トルコ・ロシア間で一昨日(6日)エネルギー分野について署名された歴史的な合意と諸協定は、「トルコはナブッコ・パイプライン計画を二の次としたのか?」という疑問を呼び起こした。これに対し、アンカラのトルコ政府はそういった憶測を排除するために「トルコの優先事項はナブッコである。トルコのサウス・ストリーム・パイプライン計画への参加もしくは協力は、(ナブッコ計画に対し)問題とはならないない」というメッセージを発した。トルコは、何年もの間、サムスン‐ジェイハン石油パイプライン計画への参加に非協力的であったロシアの翻意を獲得した。
タネル・ユルドゥズ・エネルギー天然資源大臣は、サウス・ストリーム計画に関し当該地域で地震調査を行い、その後決定することを明らかにした。CHP(共和人民党)ガズィアンテプ選出ヤシャル・アーユズ議員は、トルコがロシアと署名した協定と協力合意に関し国家で質問した。
トルコはまた、ロシア側とのエネルギー問題も含む20条に及ぶ包括的な合意にも署名した。これらの展開について、トルコのみならずロシアやヨーロッパでも大きな反響が起こった。これらの展開に最も不満を感じた国はロシアとのエネルギー合意に署名しているギリシャであった。
■ギリシャに衝撃!
アンカラ・モスクワ間でサウス・ストリーム計画が合意に至ったことはギリシャで衝撃を引き起こした。ギリシャの高級紙の1つ、カティメリーニ紙の報道によると、サウス・ストリーム合意によって地域におけるエネルギー地図が「新たな性質を獲得すること」をギリシャ政府は「驚きと不安でもって」受け止めた。同紙によると、ギリシャ政府はこの5年間に2国間で行われたエネルギー輸送計画に関連する多くの話し合いを踏まえ、自国をロシアの「優先的パートナー」であると考えていたため、一昨日の展開に困惑している。
■EUの反応は肯定的
ロシアとの親密さを頼りにアメリカ政府との関係において衝突さえ経験したギリシャは、今回の合意でロシア政府の「重要なパートナー」となり、地域における全ての大規模エネルギー計画に参加しているトルコに、天然ガス供給問題で依存する状態なることについても不満を感じている。
一昨日アンカラ・モスクワ間でサウス・ストリーム問題について結ばれた合意に対するEUの公式の反応は肯定的なものである。
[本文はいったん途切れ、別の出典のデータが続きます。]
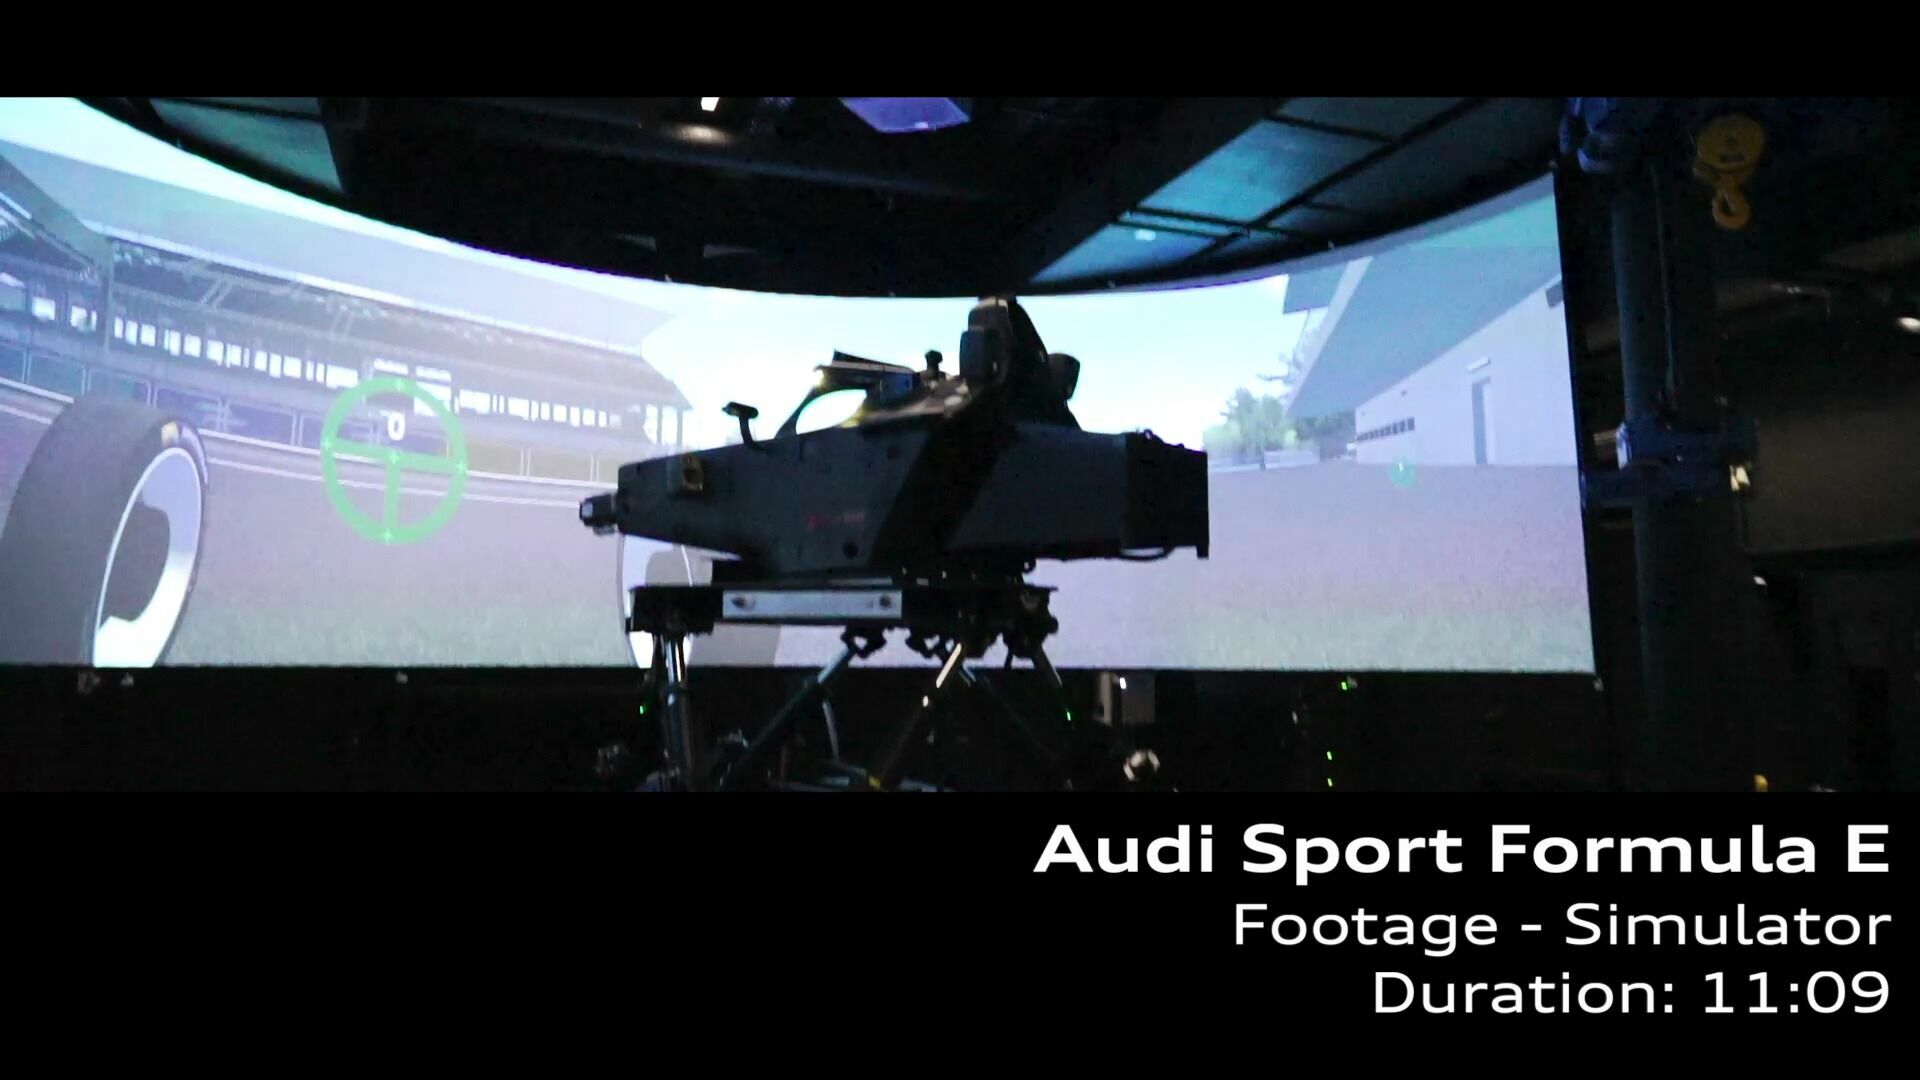 Footage: Audi Sport Formel E Simulator Neuburg
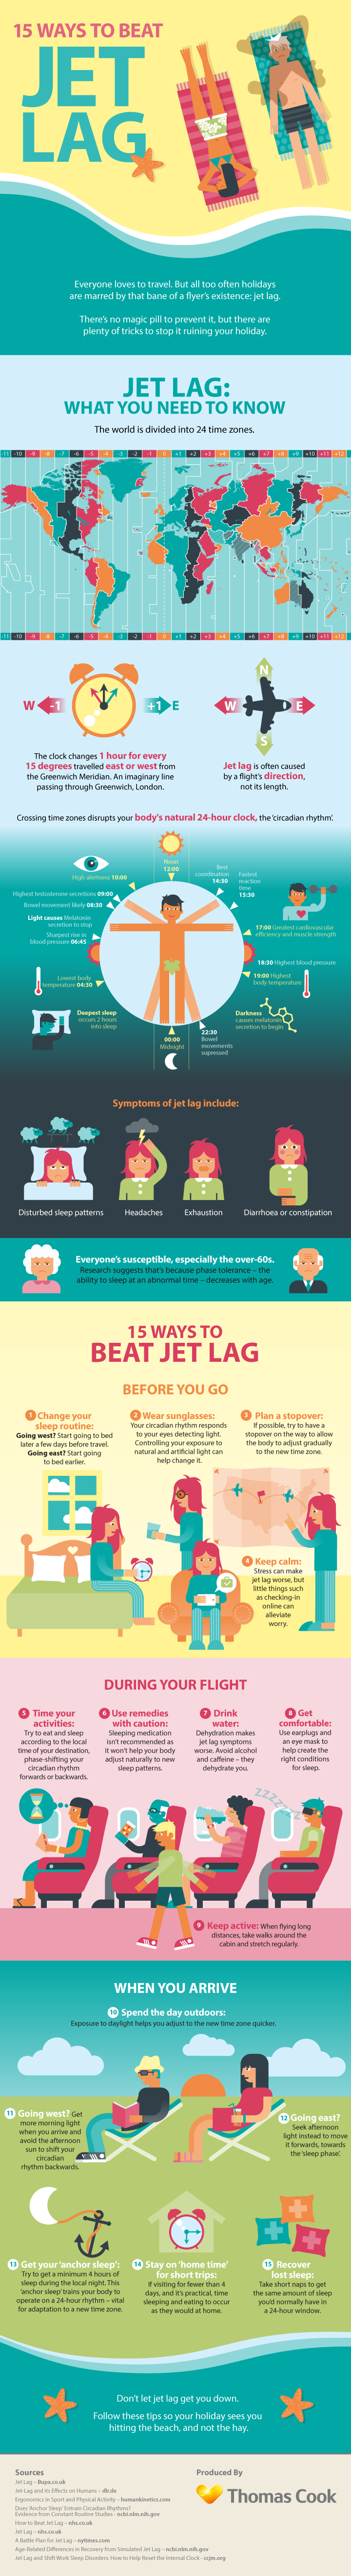 beat jet lag infographic

EU委員会広報官の1人マーティン・セルマイル氏は、「サウス・ストリーム計画は、進行中のナブッコ計画を補完するものであると評価している」と述べた。EUは、ロシアのウラジミール・プーチン首相がサウス・ストリームをナブッコのライバルと考えているとしても、この見解を「公式には」否定している。しかし、舞台裏ではサウス・ストリーム計画の始動はナブッコ計画に一部で否定的な影響を及ぼす恐れがあるという見解が支配的である。一方でEUとロシアの間での「エネルギー・ゲーム」の最も重要な勝者の一人にトルコが挙げられている。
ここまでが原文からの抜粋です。